Work to complete:
Pictures stay out of the copy; output exactly the lines from the one containing "Wo Ai Ni Red" through the end of the material.

Data block:
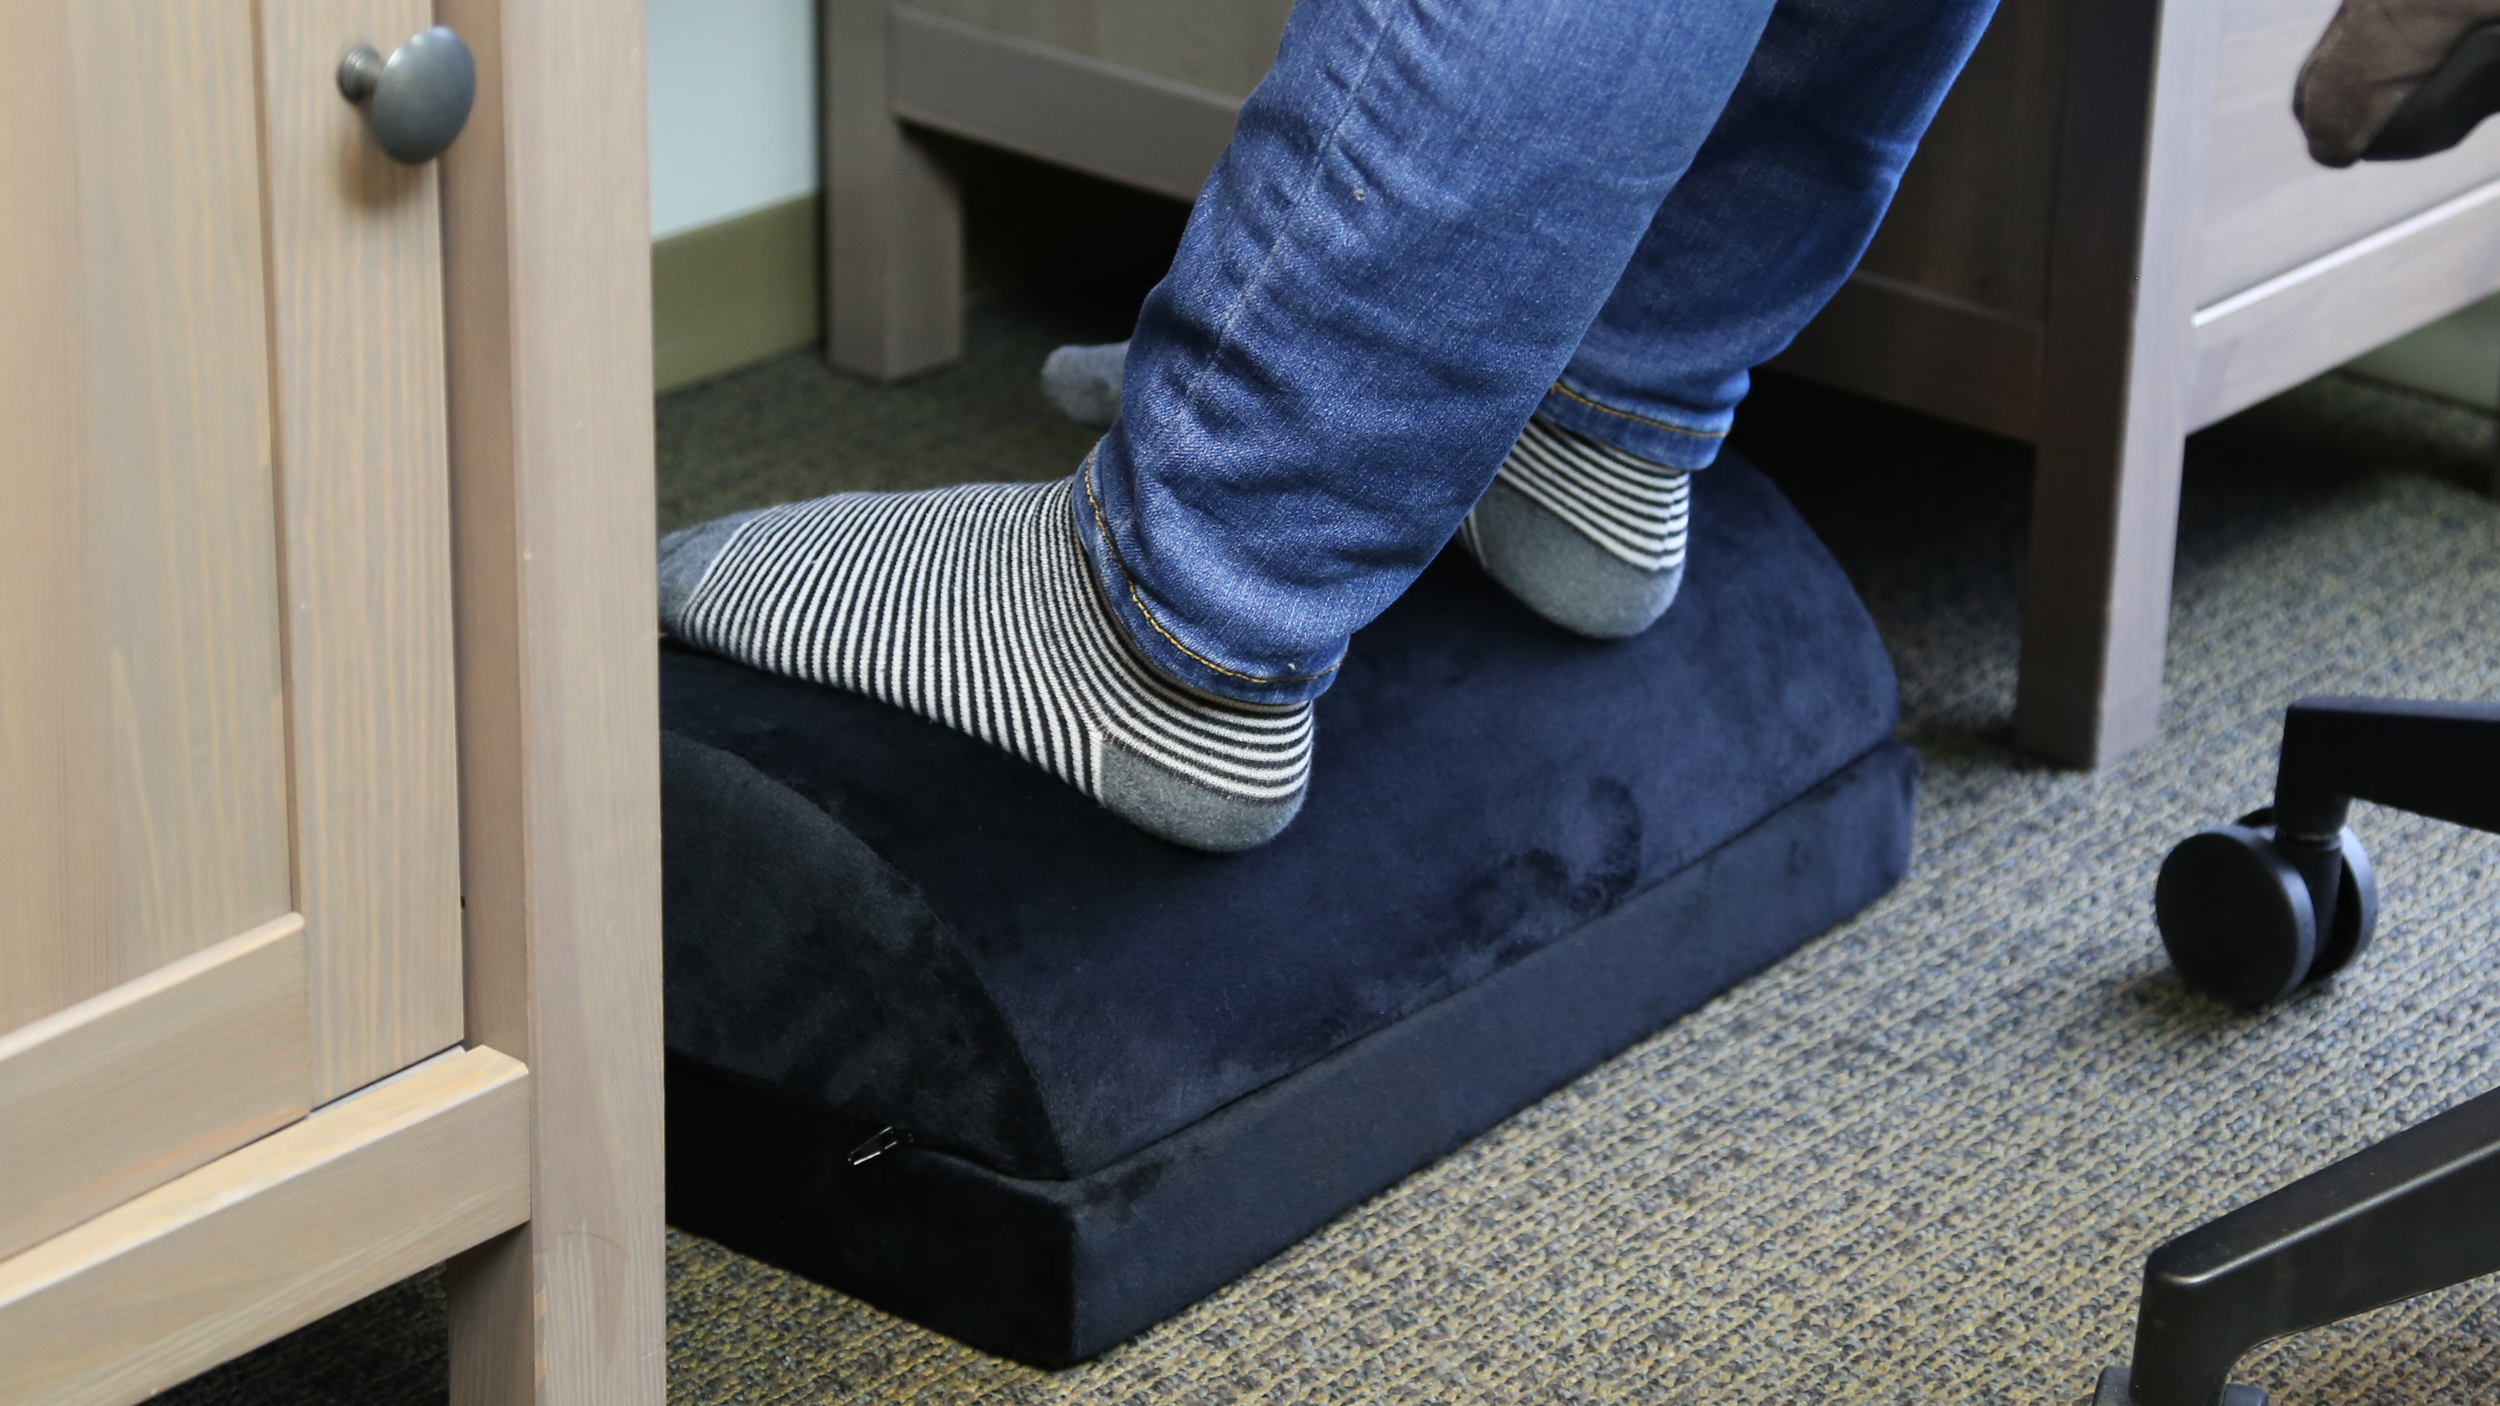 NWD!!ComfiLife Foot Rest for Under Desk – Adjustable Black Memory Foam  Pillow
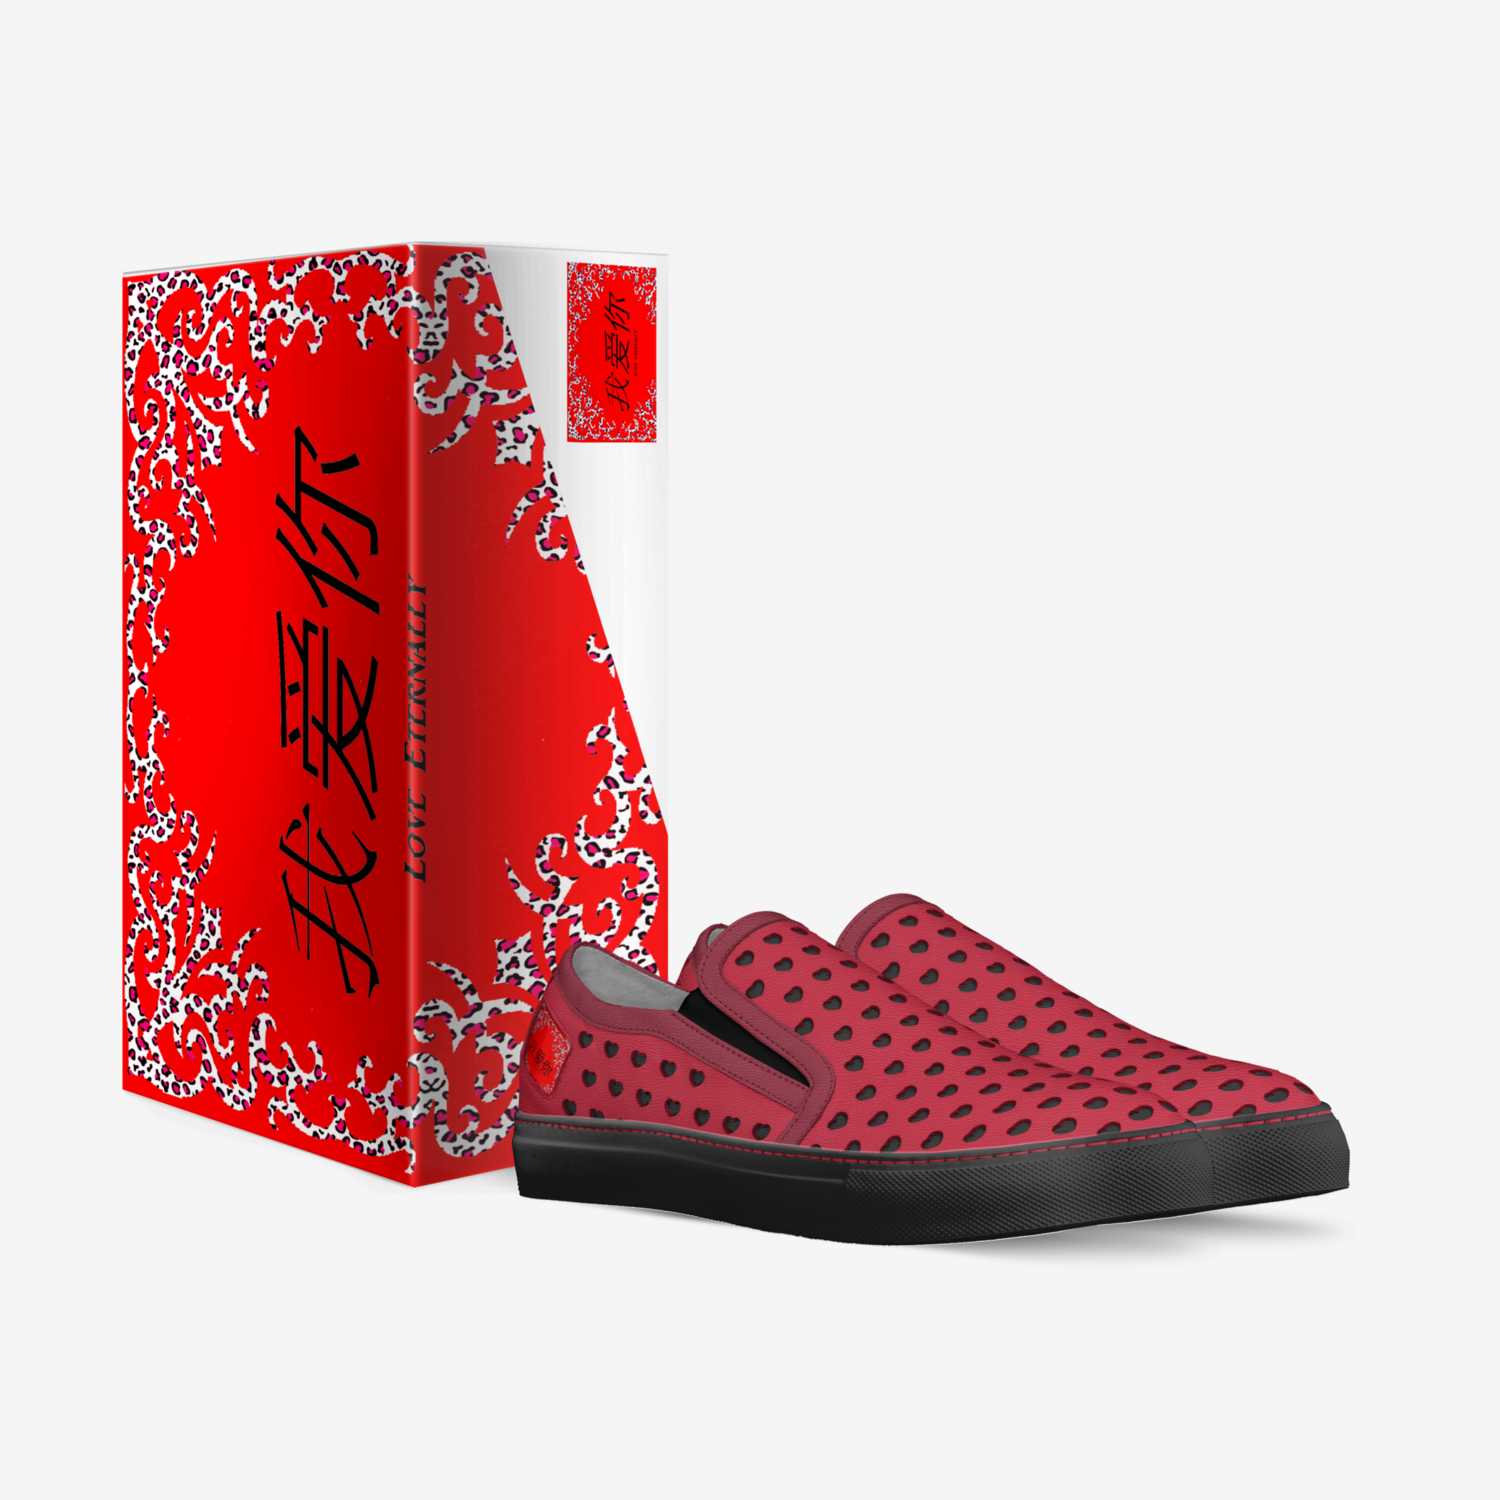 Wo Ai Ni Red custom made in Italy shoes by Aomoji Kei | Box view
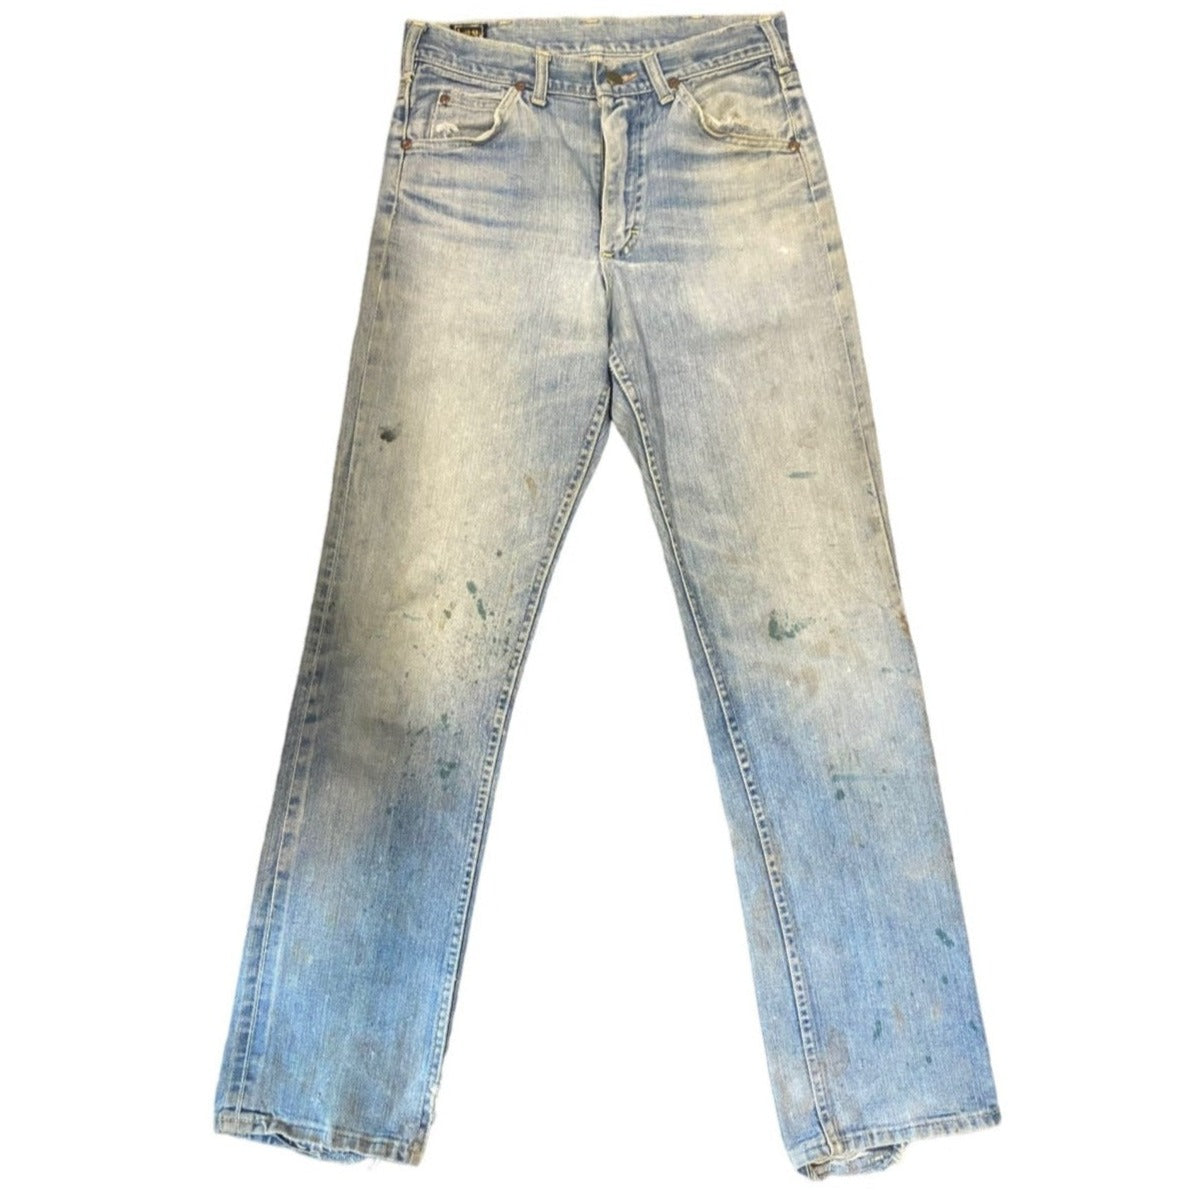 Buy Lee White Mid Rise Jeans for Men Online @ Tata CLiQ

Your response:
 Wo Ai Ni Red custom made in Italy shoes by Aomoji Kei | Box view
 Buy Lee White Mid Rise Jeans for Men Online @ Tata CLiQ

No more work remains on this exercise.